A história de Juliana Garcia, a jovem que sobreviveu a 61 socos desferidos pelo ex-namorado dentro de um elevador em 2023, voltou ao centro do debate público brasileiro em novembro de 2025. O que inicialmente foi tratado como um caso emblemático de violência doméstica e tentativa de feminicídio transformou-se, dois anos depois, em símbolo de como a polarização política no país consegue revitimizizar vítimas e transformar sobreviventes em alvos de linchamento virtual simplesmente por expressarem opiniões.

No dia 22 de novembro de 2025, data que coincide com o número do Partido Liberal, Juliana publicou um vídeo curto comemorando, com ironia contida, a decretação da prisão preventiva de Jair Bolsonaro por suposto envolvimento em atos antidemocráticos. A frase “vinte e dois motivos para sermos felizes hoje” foi suficiente para desencadear uma avalanche de ataques coordenados por perfis bolsonaristas, muitos dos quais resgataram as imagens brutais da agressão que ela sofrera para justificar novos insultos ou até desejar que “os 61 socos não tivessem sido em vão”.

Diante da nova onda de violência digital, Juliana respondeu com um segundo vídeo, gravado com serenidade impressionante. Nele, afirmou categoricamente que nunca apoiou e jamais apoiará quem seja machista, misógino, racista, xenofóbico, homofóbico ou defensor de qualquer forma de violência contra mulheres e minorias. A declaração, longe de ser um manifesto partidário, foi uma reafirmação de dignidade: quem sobreviveu a uma tentativa de feminicídio não aceita aliança com discursos que naturalizam a agressão ou diminuem a condição feminina.

O caso expôs, com clareza cristalina, como setores do bolsonarismo reagem à crítica política feminina: reativando o trauma da vítima e transformando a agressão sofrida em “merecimento” por discordância ideológica. Frases como “agora se explica por que apanhou” ou “ela escolheu mal os homens e agora escolhe mal os líderes” circularam livremente, revelando que, para parte significativa desse grupo, a violência contra a mulher ainda pode ser relativizada quando a vítima ousa ter voz própria.

A revitimização de Juliana não é fato isolado, mas parte de um padrão recorrente em que mulheres que se posicionam publicamente contra o ex-presidente ou seus apoiadores são imediatamente sexualizadas, ridicularizadas ou ameaçadas com violência física.

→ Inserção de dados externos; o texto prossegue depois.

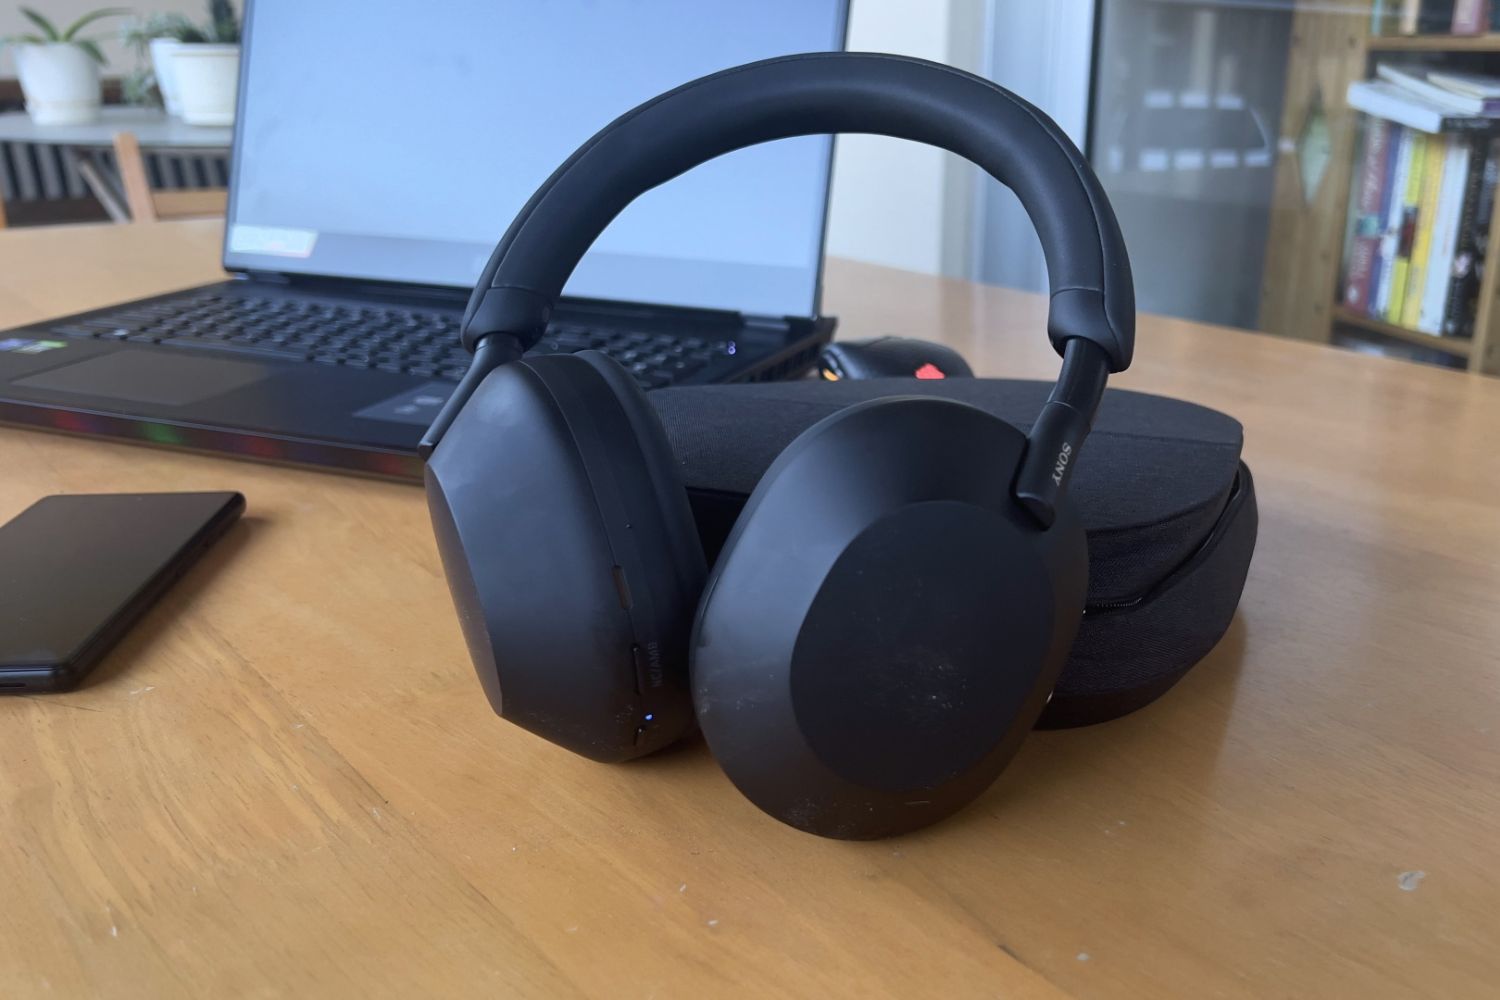 Sony Wireless Noise Cancelling Headphones: How To Sync To Computer

O que diferencia este episódio é a força da resposta: em vez de recuar, Juliana transformou o novo ataque em oportunidade para reafirmar que sobrevivência não significa gratidão ou silêncio, mas resistência ativa contra todo tipo de opressão.

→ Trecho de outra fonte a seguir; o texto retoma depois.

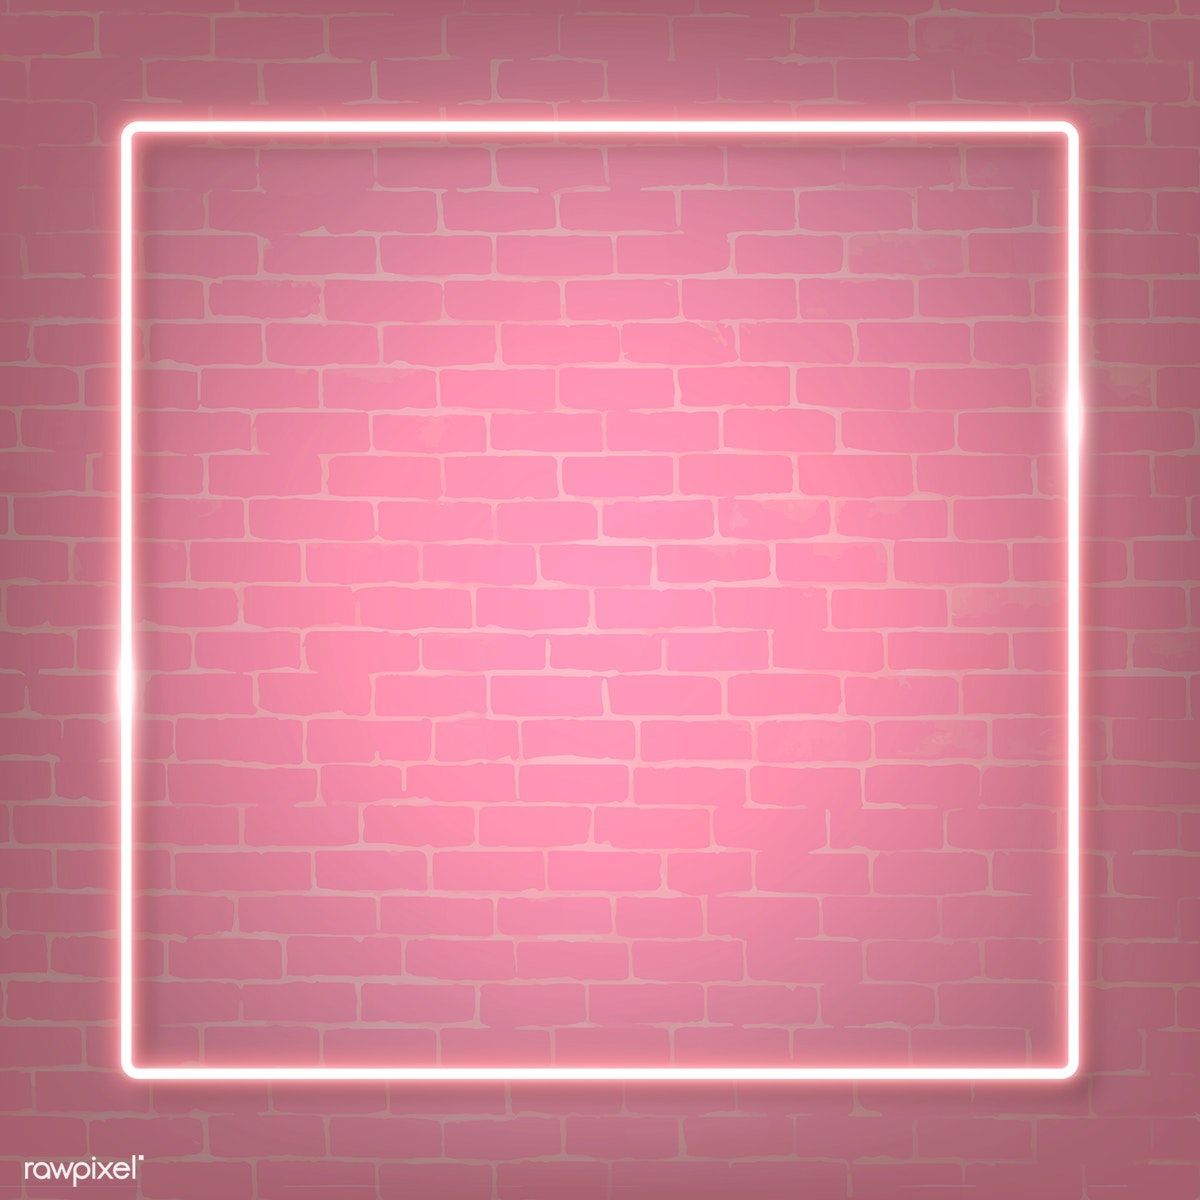 Download premium vector of Square pink neon frame on a pink brick wall. Pink neon sign, Neon wallpaper, Instagram frame

A repercussão acabou por jogar luz sobre uma verdade incômoda: para alguns, a defesa intransigente da democracia e dos direitos das mulheres é interpretada como traição imperdoável, mais grave que o próprio ato de agredir uma mulher até quase matá-la. Enquanto o agressor de Juliana cumpre pena, parte da internet parece disposta a continuar a agressão por procuração, agora com o aval político-ideológico.

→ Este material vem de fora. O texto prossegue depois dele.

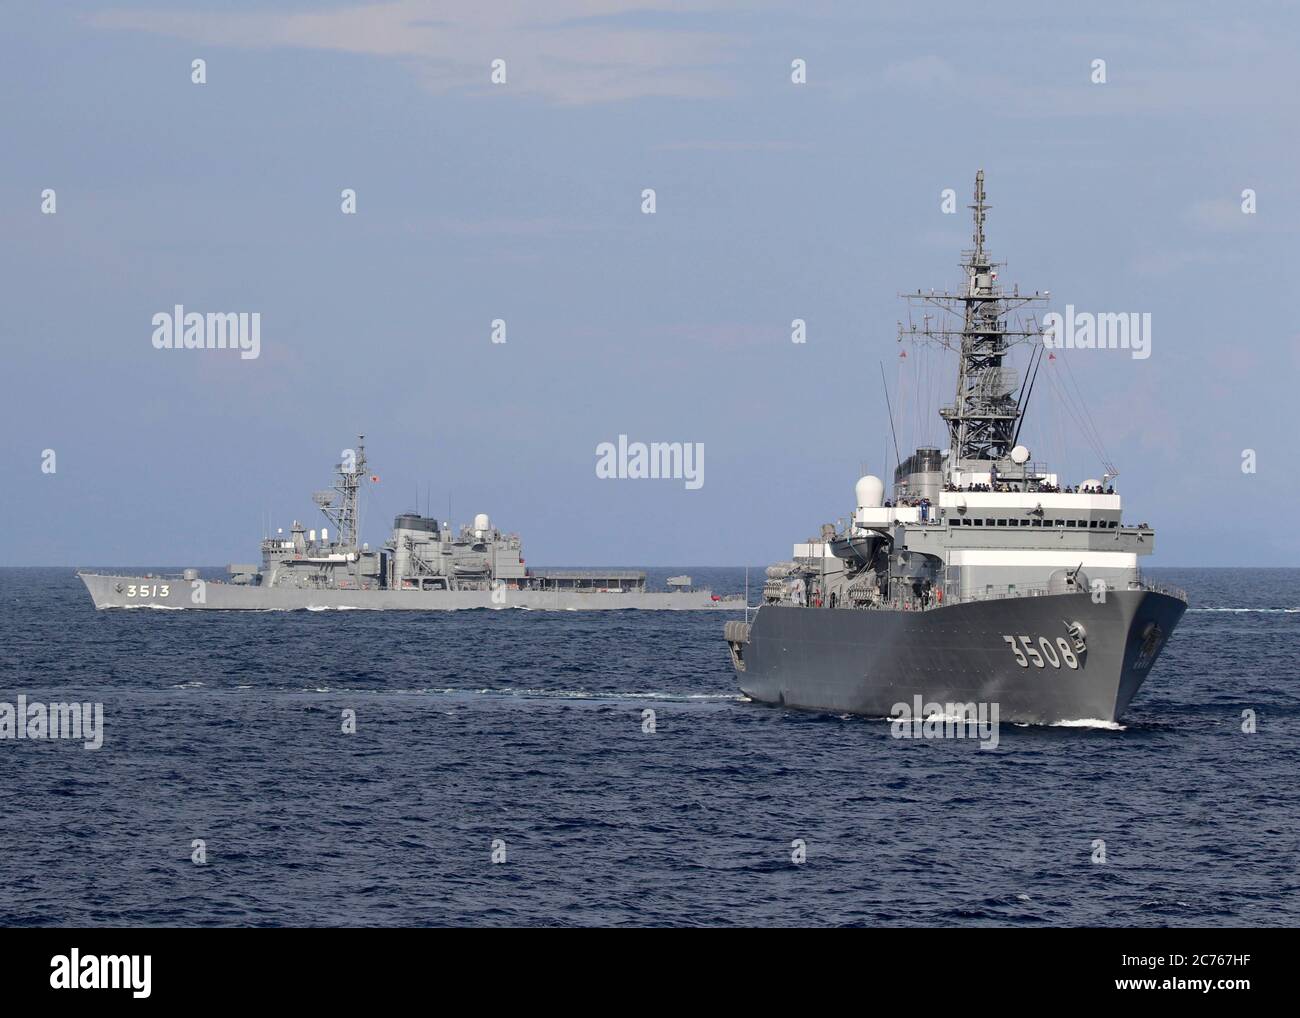 The Japan Maritime Self-Defense Kashima class cadet training ship JS Kashima, right, and Force Hatsuyuki-class destroyer JS Shimayuki during a joint patrol with the U.S. Navy in International Waters May 9, 2020 in the South China Sea. Stock Photo

No fim, a história recente de Juliana Garcia resume o Brasil de 2025: um país em que sobreviver a 61 socos já não basta para garantir respeito; é preciso também sobreviver ao ódio organizado que se segue quando a vítima se recusa a ser reduzida a símbolo de sofrimento silencioso. Sua postura firme diante das câmeras é um lembrete poderoso de que o feminicídio não começa nem termina no ato físico: ele se prolonga sempre que uma mulher é punida por falar. E, enquanto houver mulheres como ela falando, haverá esperança de que esse ciclo seja, um dia, definitivamente interrompido.